- [Assignment] Restate the listing below word for word, and leave its pictures behind.

- [Data section]
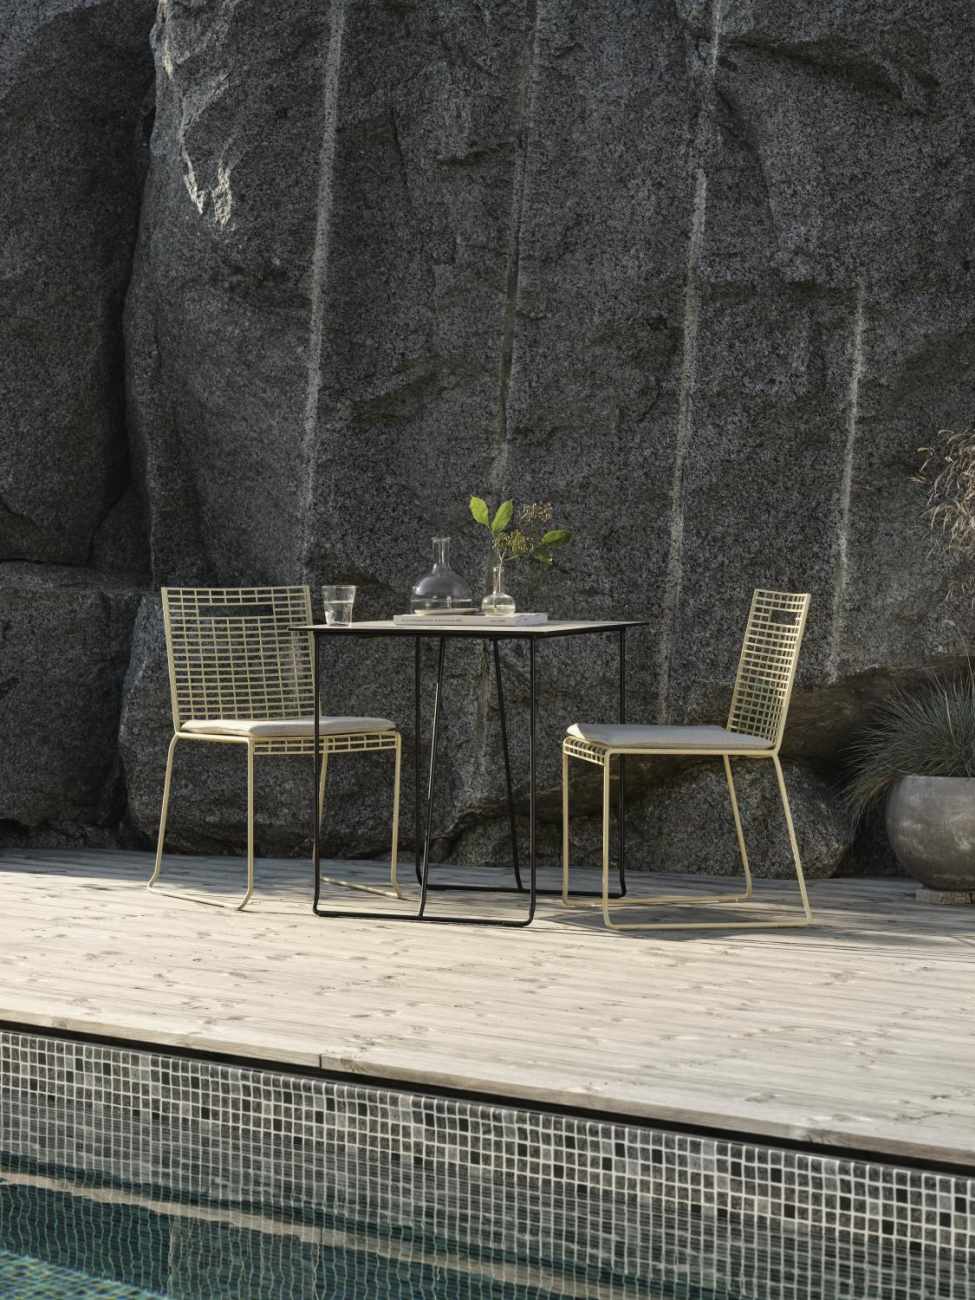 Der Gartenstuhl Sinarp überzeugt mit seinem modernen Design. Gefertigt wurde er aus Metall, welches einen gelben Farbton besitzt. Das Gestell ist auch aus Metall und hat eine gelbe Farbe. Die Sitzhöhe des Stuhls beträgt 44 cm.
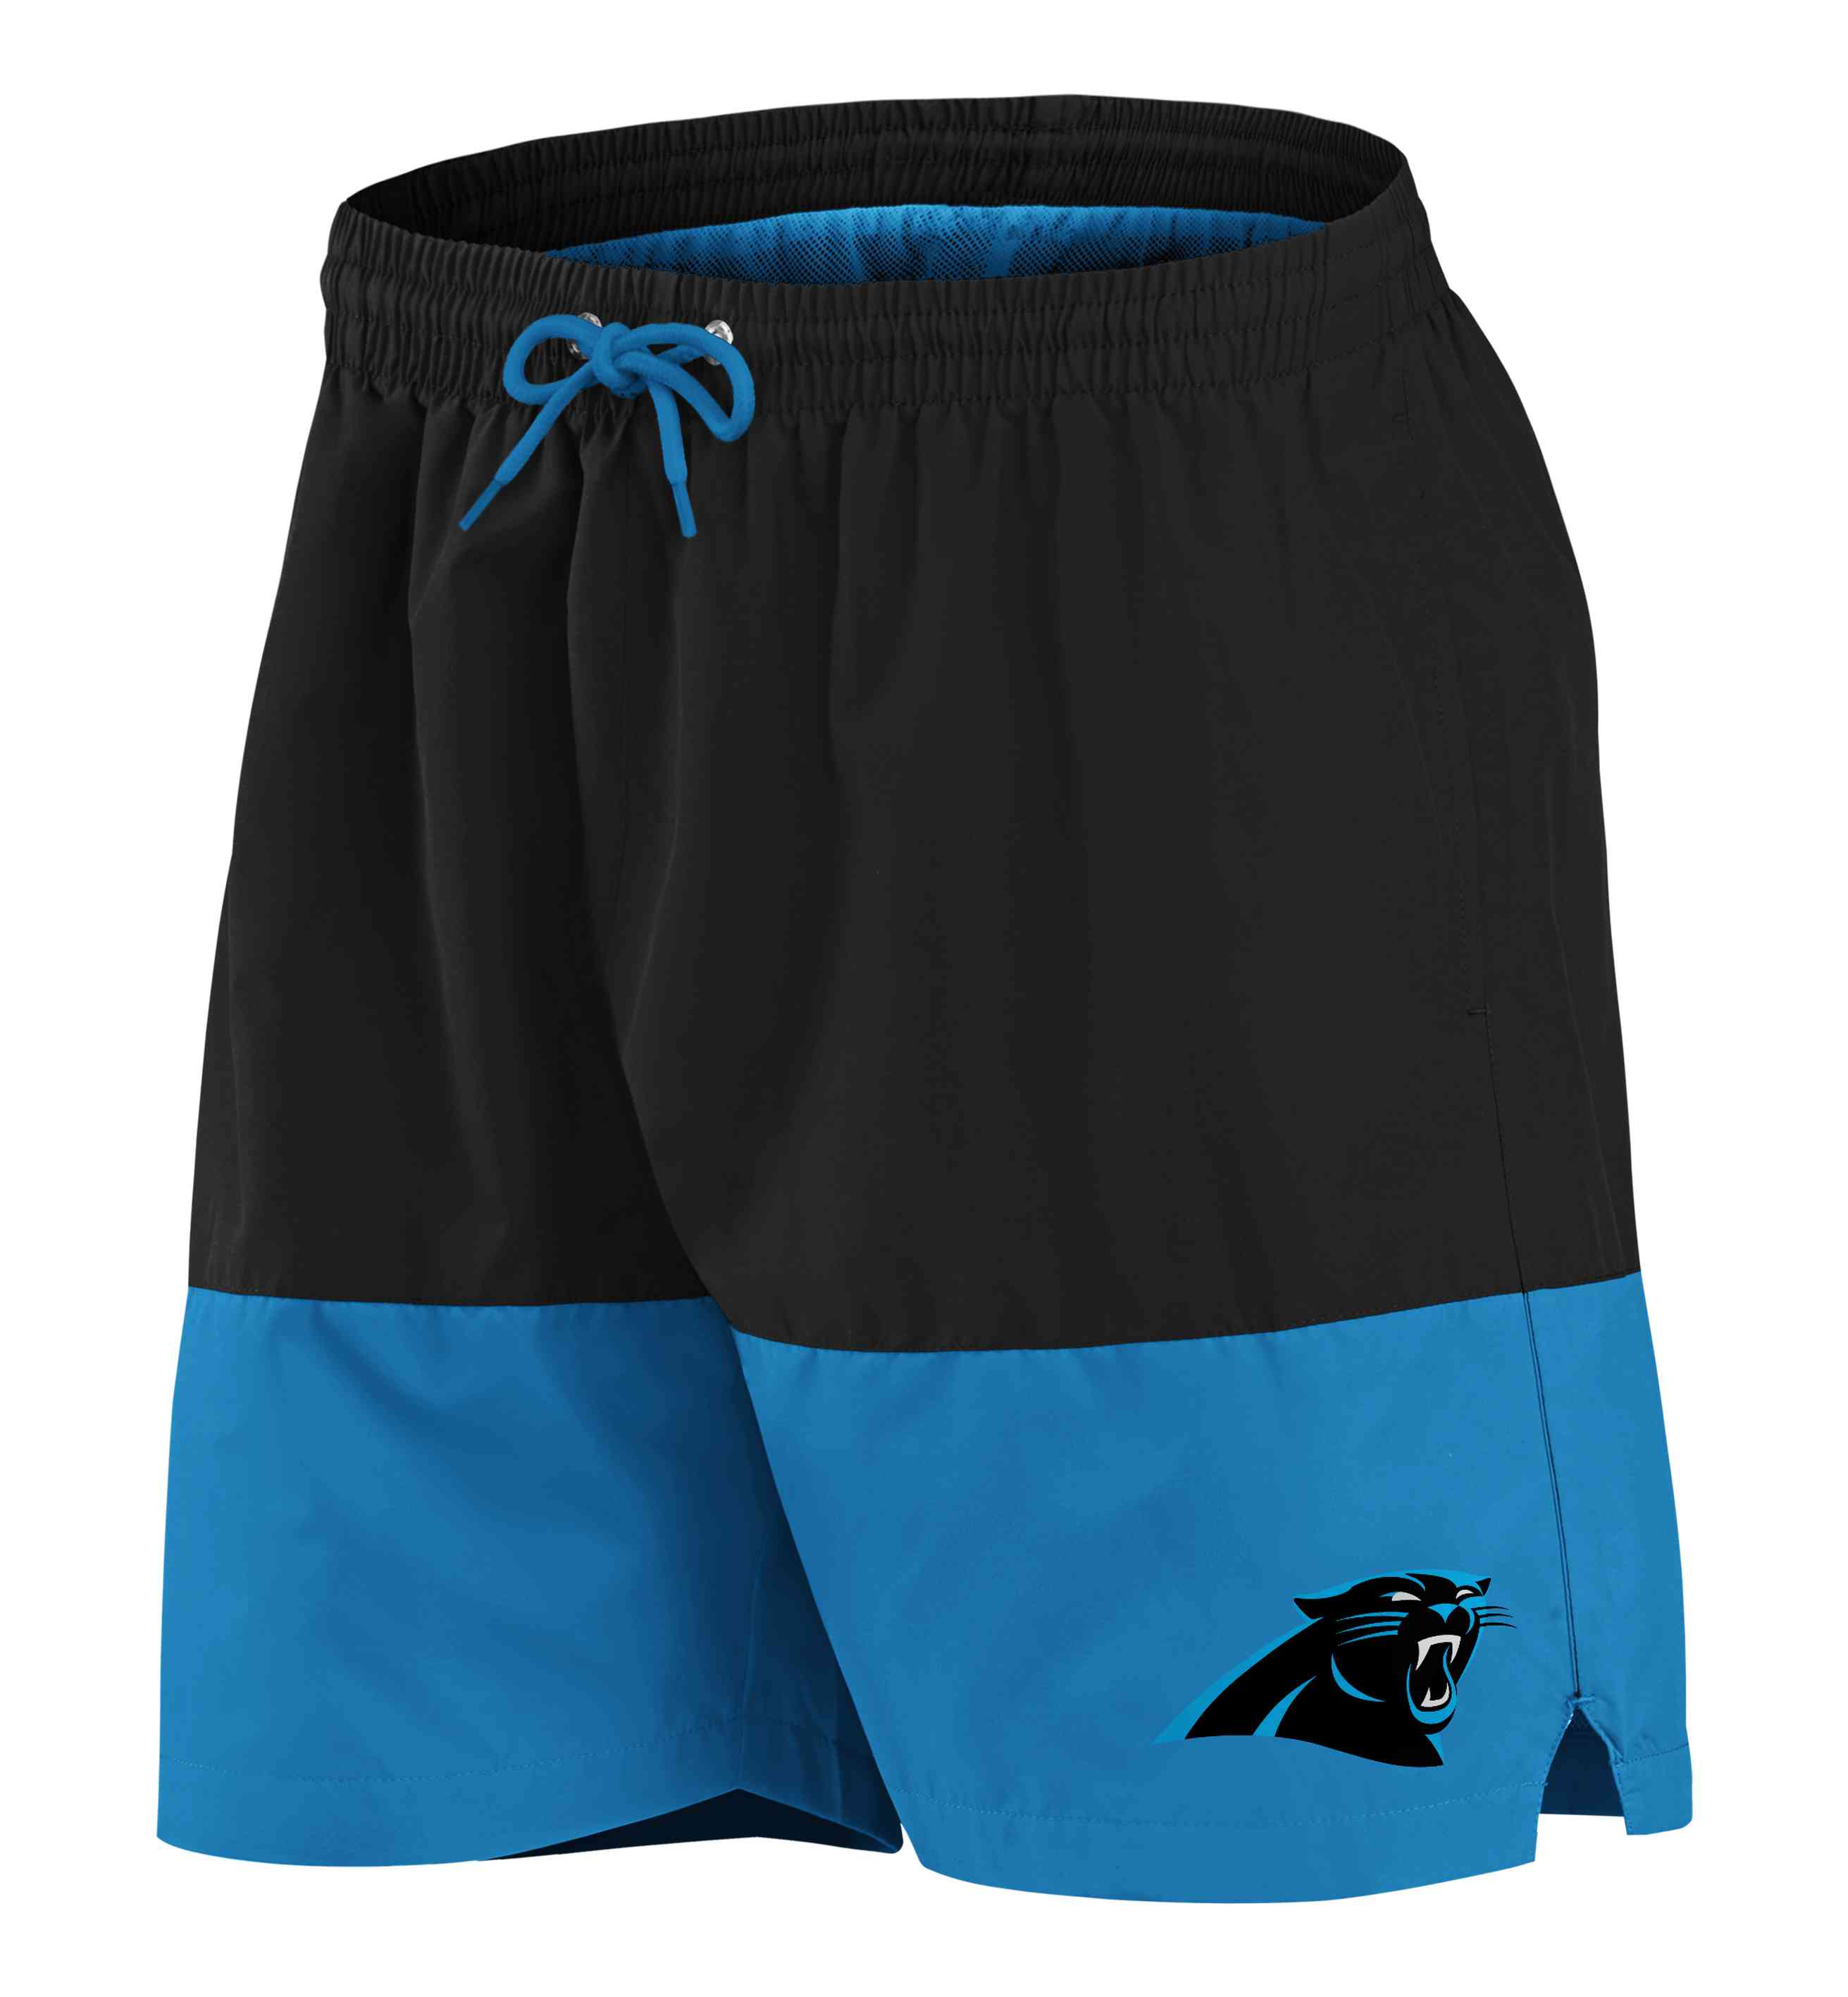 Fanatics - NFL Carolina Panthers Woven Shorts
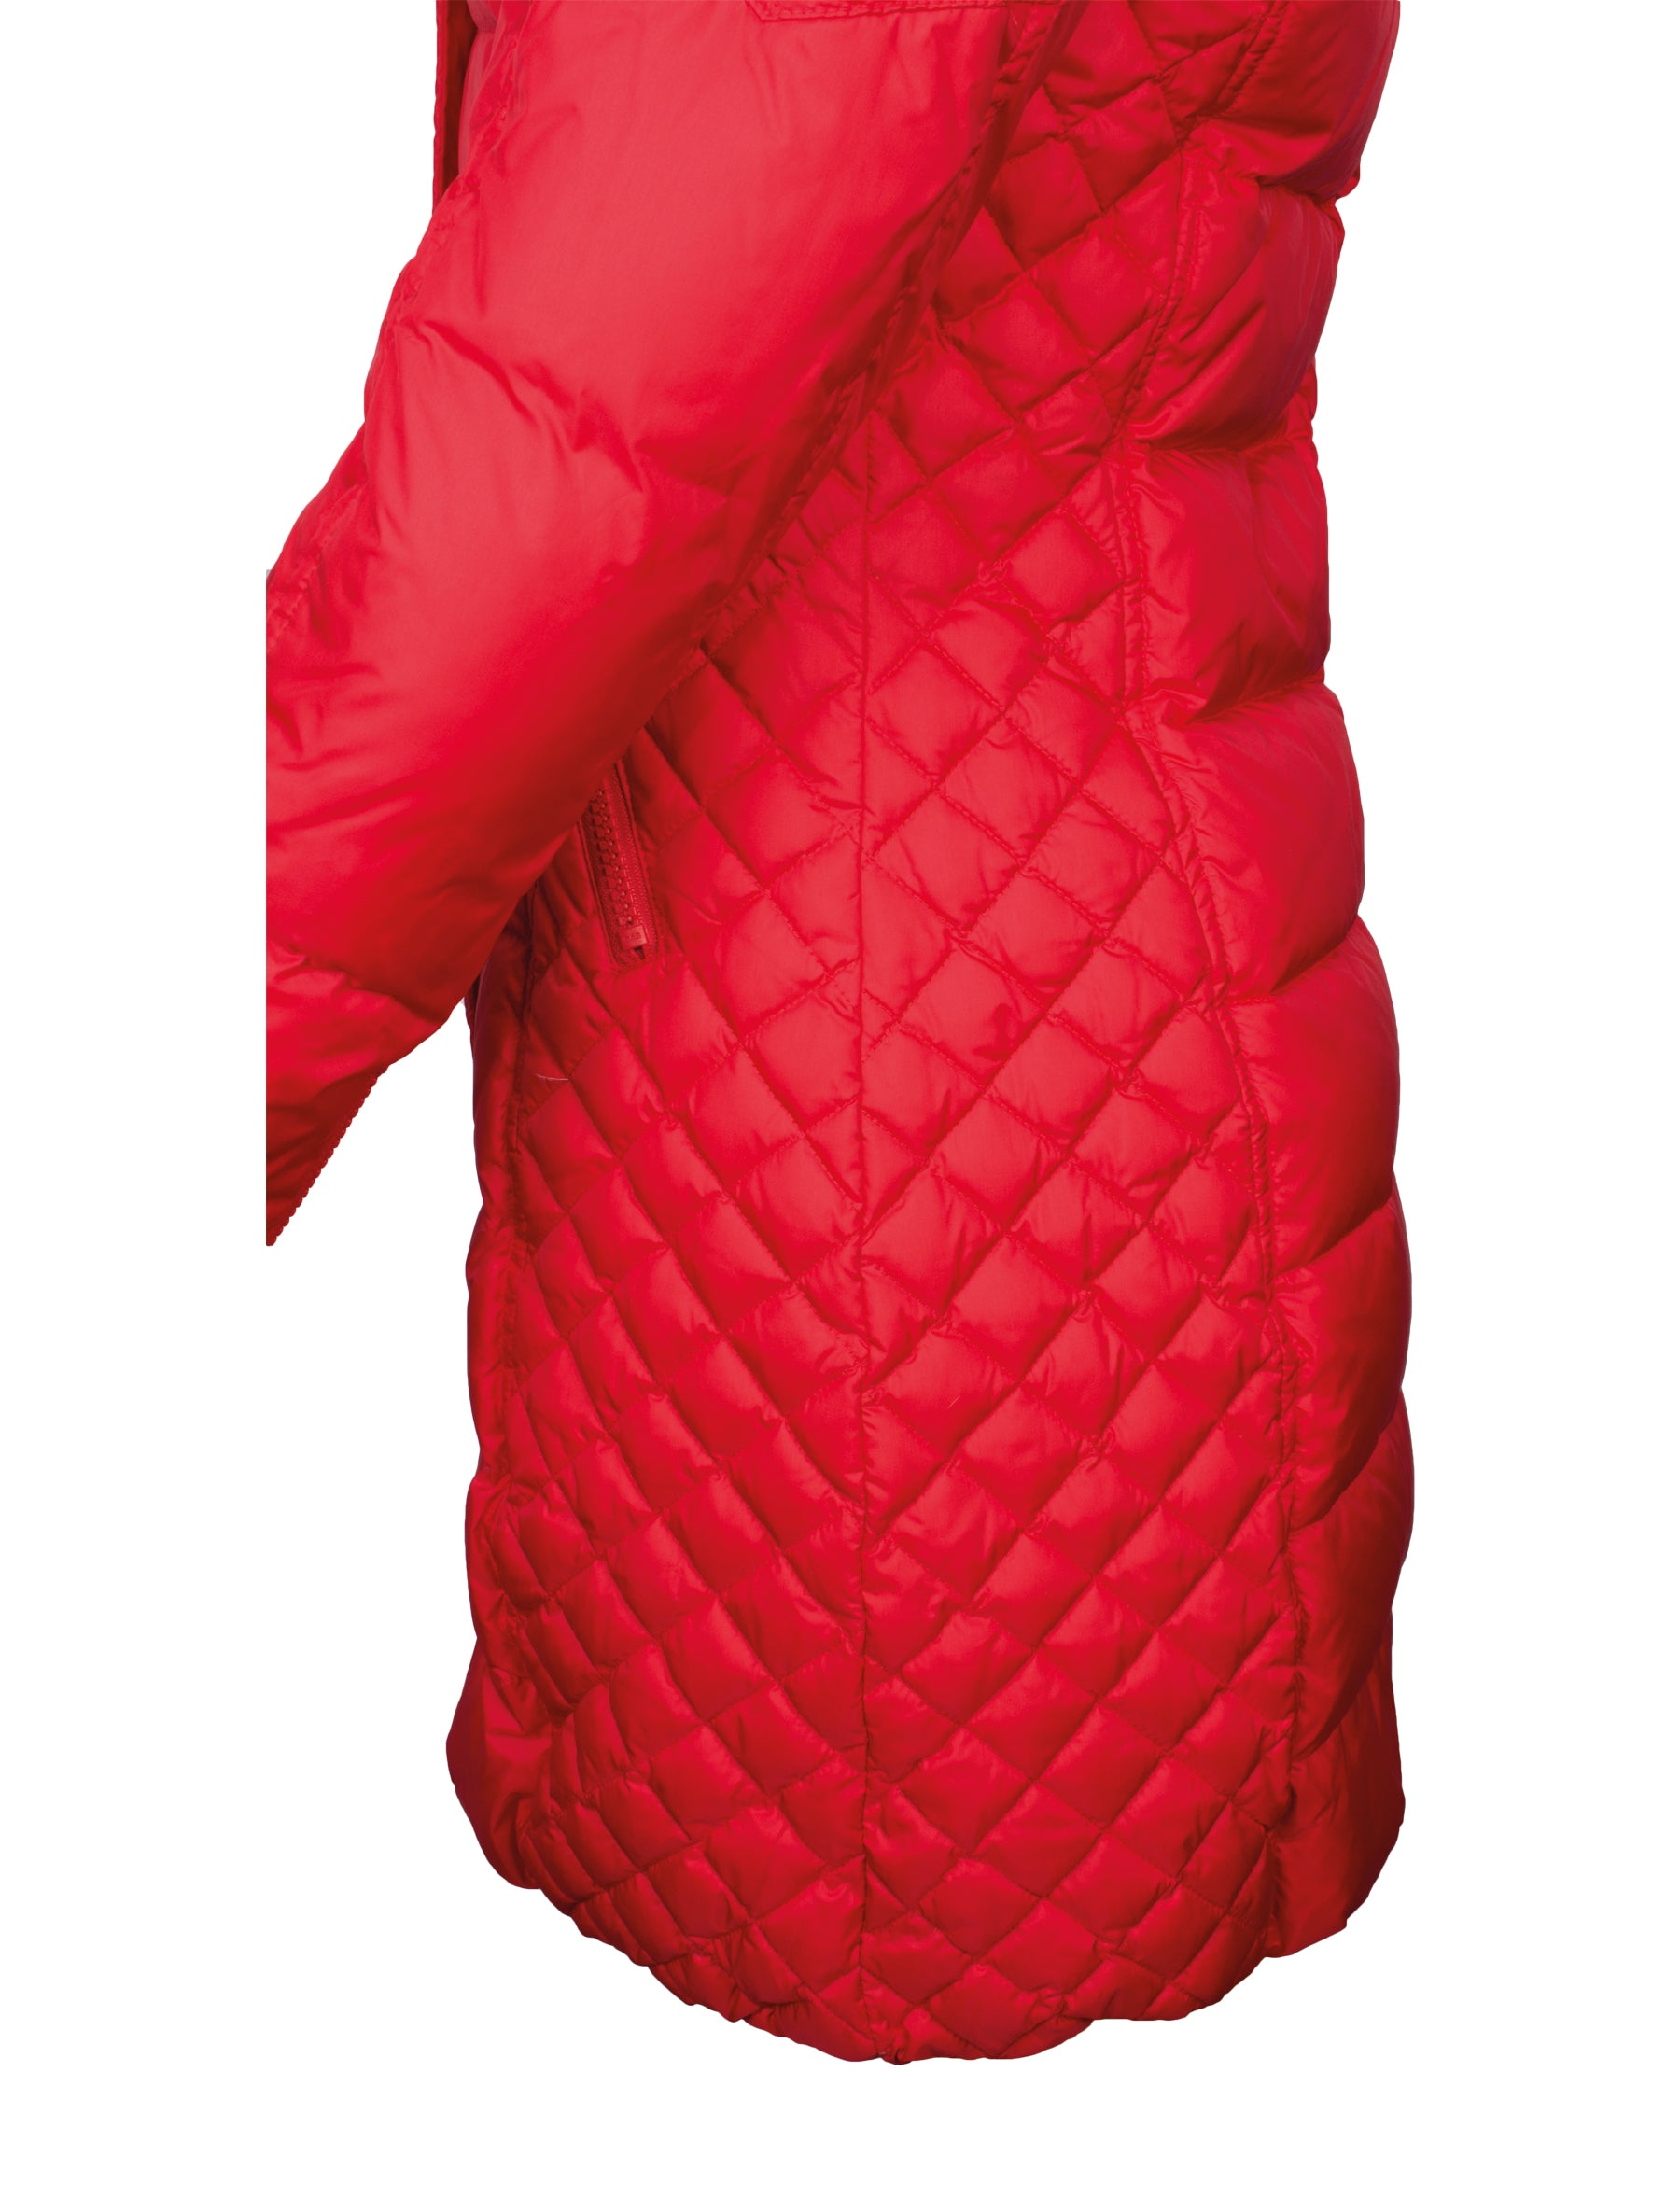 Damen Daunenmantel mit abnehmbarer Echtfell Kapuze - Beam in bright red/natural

- [Written reply]
 Der Gartenstuhl Sinarp überzeugt mit seinem modernen Design. Gefertigt wurde er aus Metall, welches einen gelben Farbton besitzt. Das Gestell ist auch aus Metall und hat eine gelbe Farbe. Die Sitzhöhe des Stuhls beträgt 44 cm.
 Fanatics - NFL Carolina Panthers Woven Shorts
 Damen Daunenmantel mit abnehmbarer Echtfell Kapuze - Beam in bright red/natural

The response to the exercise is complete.